(INFORMATION SUPPLIED begins)

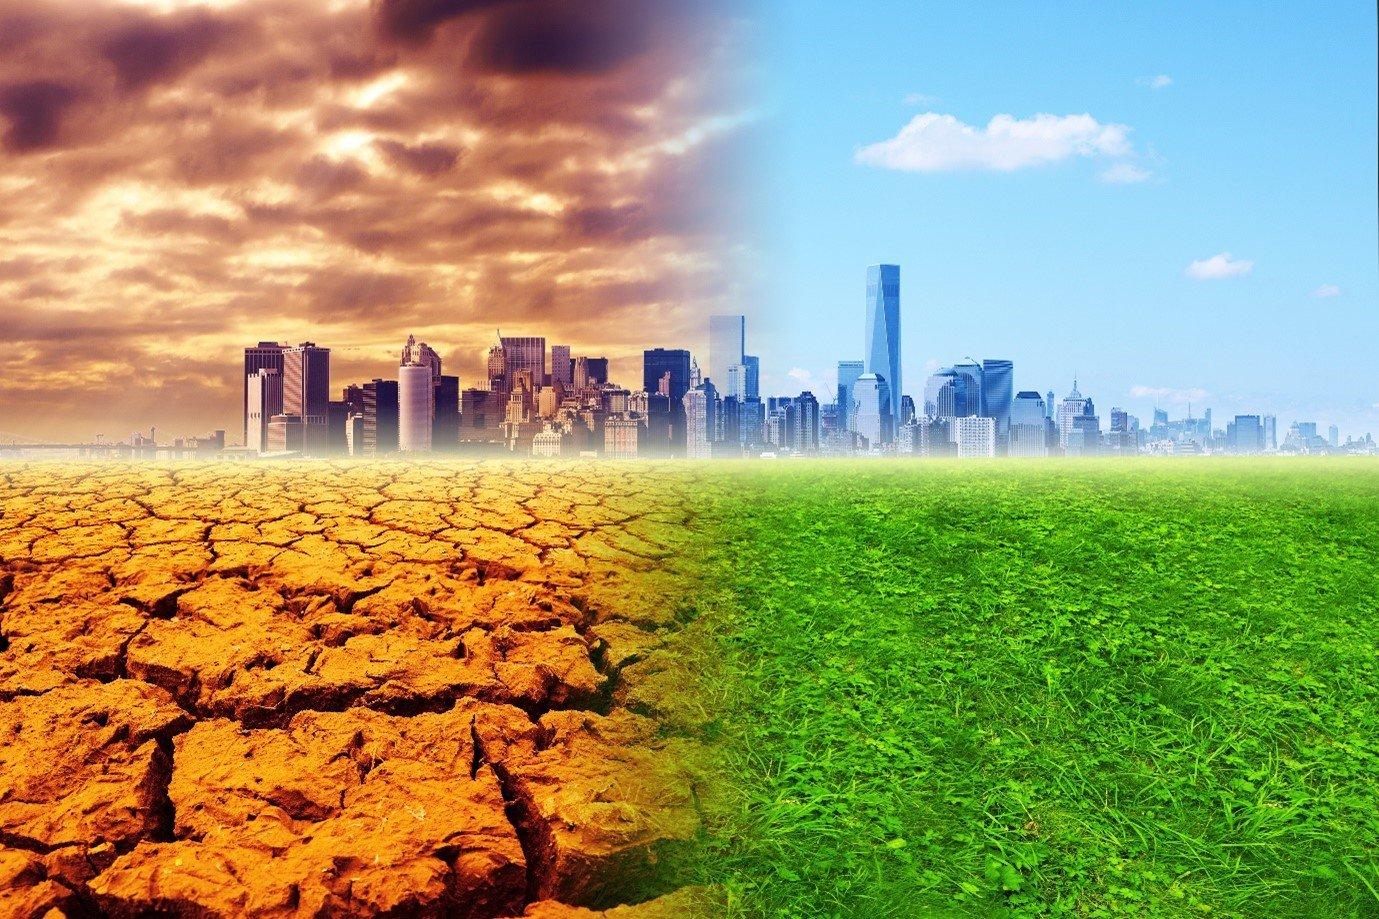 climatechangeimage
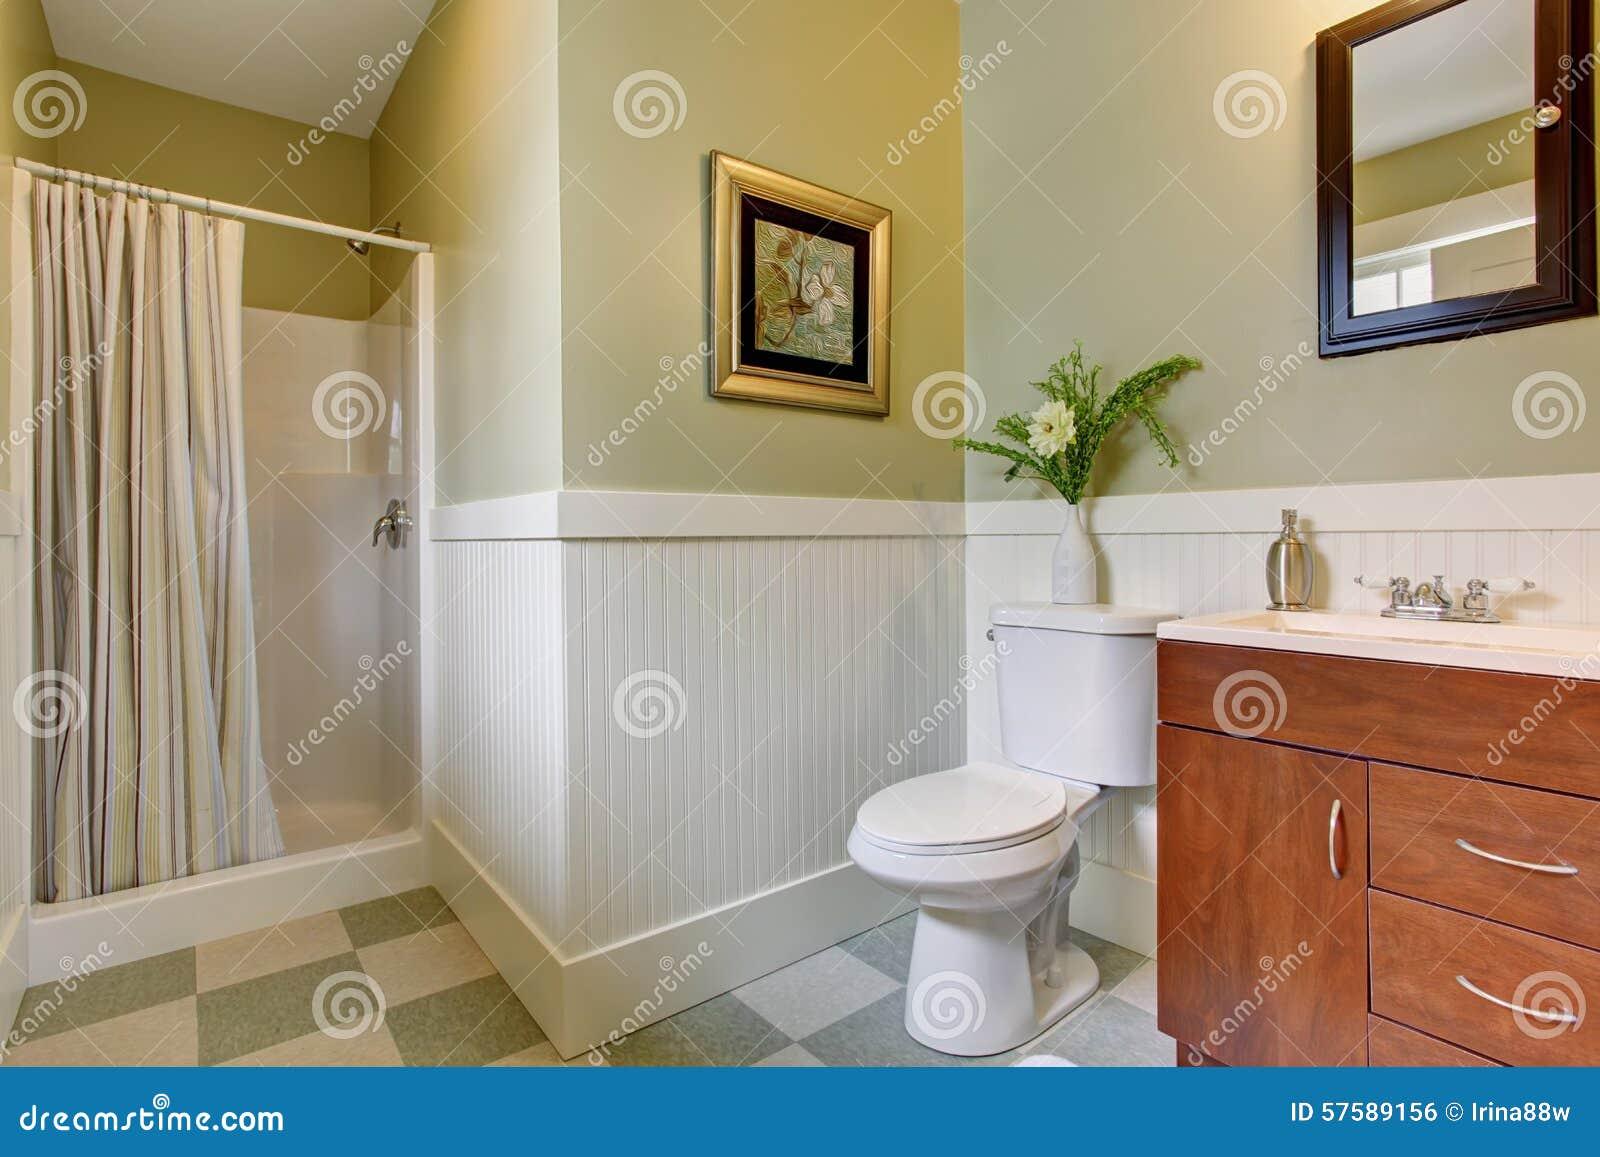 Bathroom Floor Tile With Green
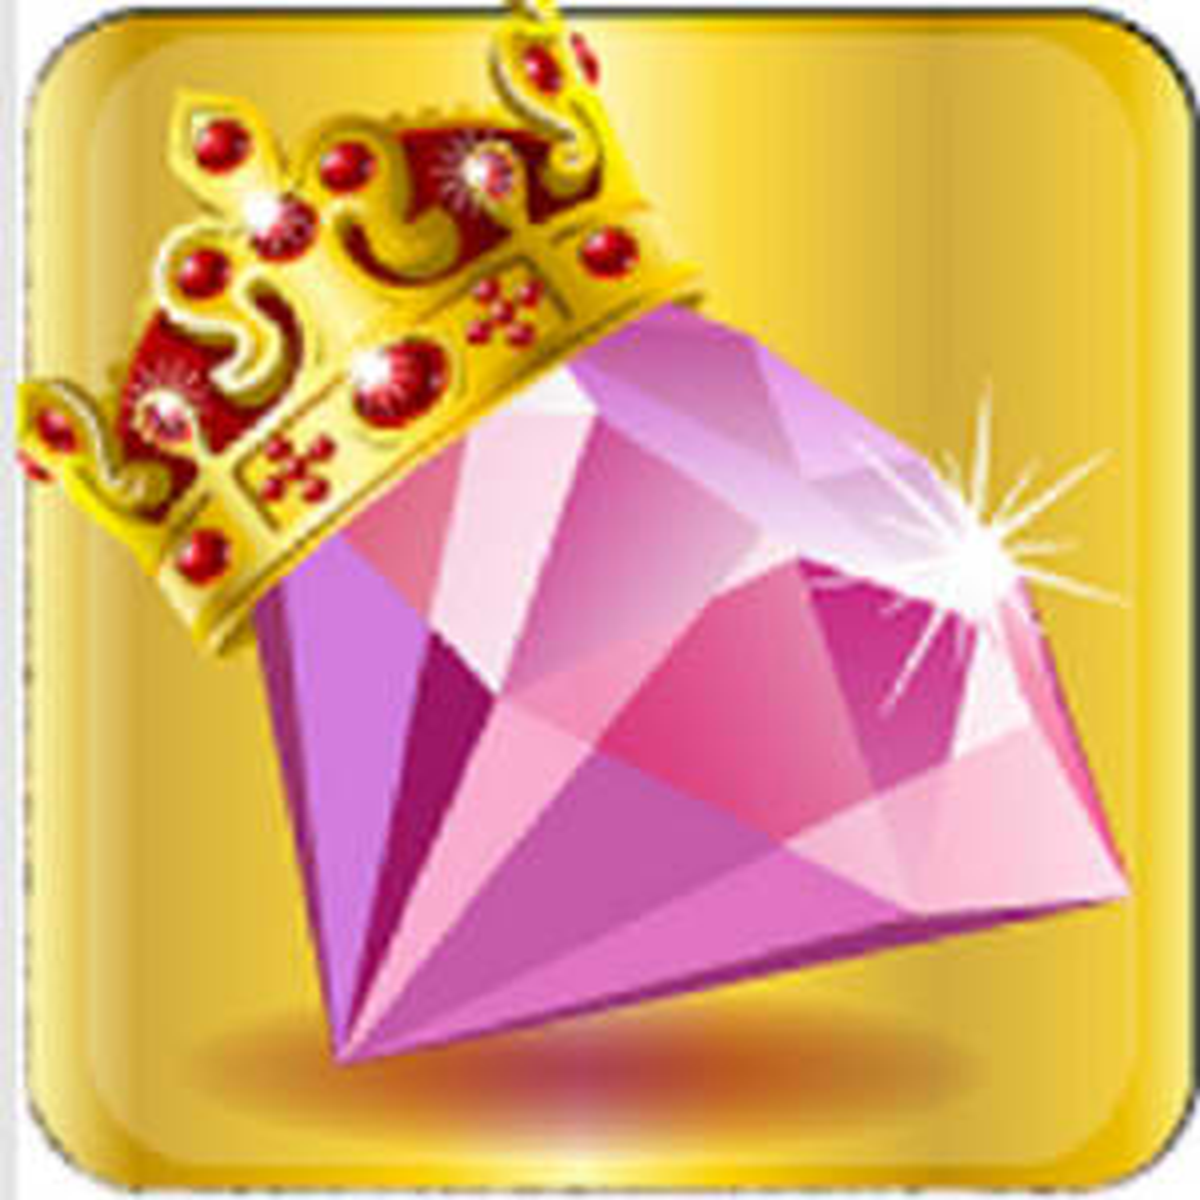 Joyas - joyas del rey jewels 1.0.3
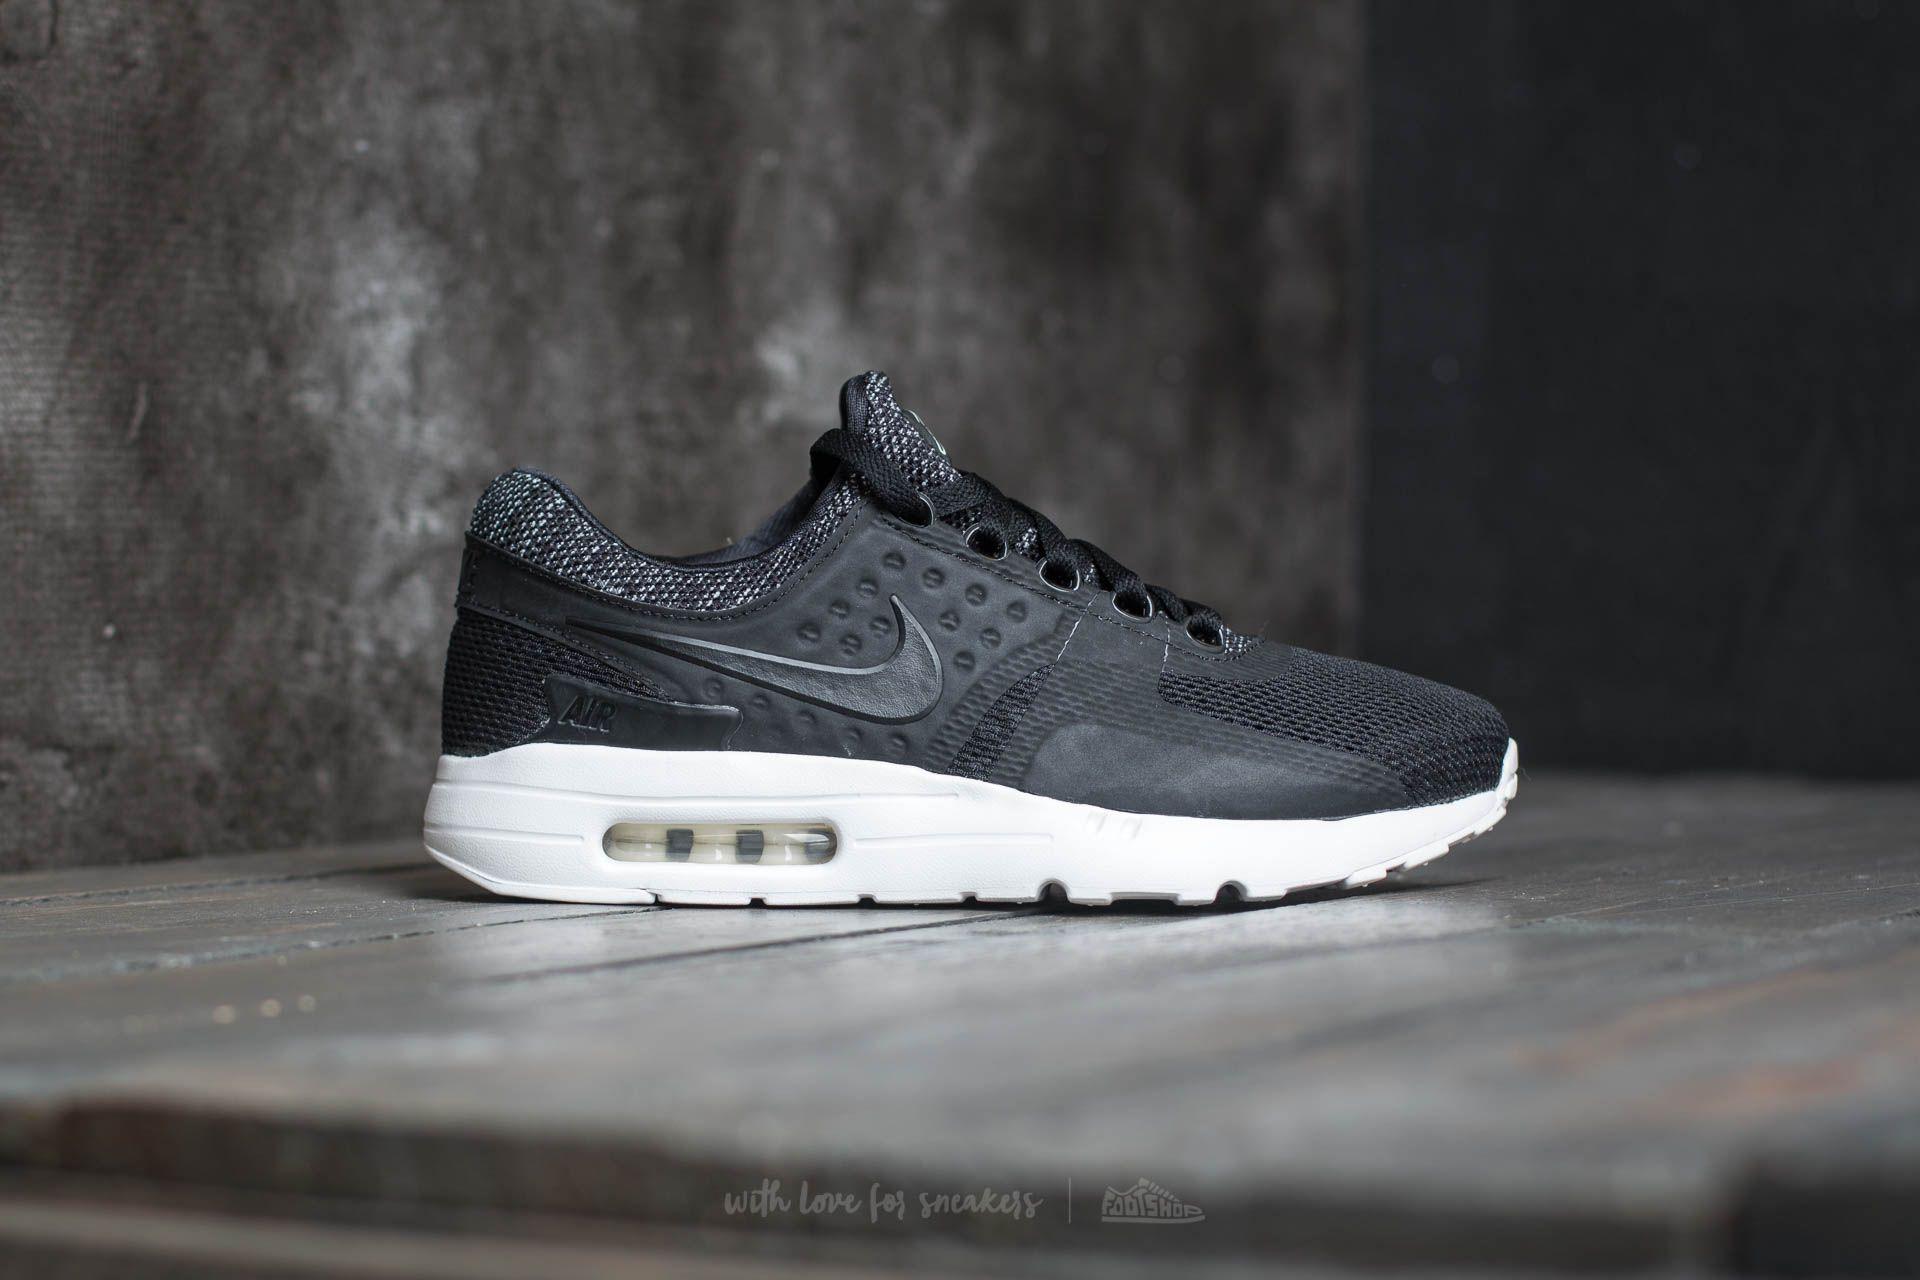 official photos 82d91 7c971 Nike Air Max Zero BR Black/ Black-Pale Grey | Footshop

(INFORMATION SUPPLIED ends)

REQUIRED WORK » What is needed is an exact copy of the data, with the pictures removed.

ANSWER TO THE PROBLEM »
 climatechangeimage
 Bathroom Floor Tile With Green
 Joyas - joyas del rey jewels 1.0.3
 official photos 82d91 7c971 Nike Air Max Zero BR Black/ Black-Pale Grey | Footshop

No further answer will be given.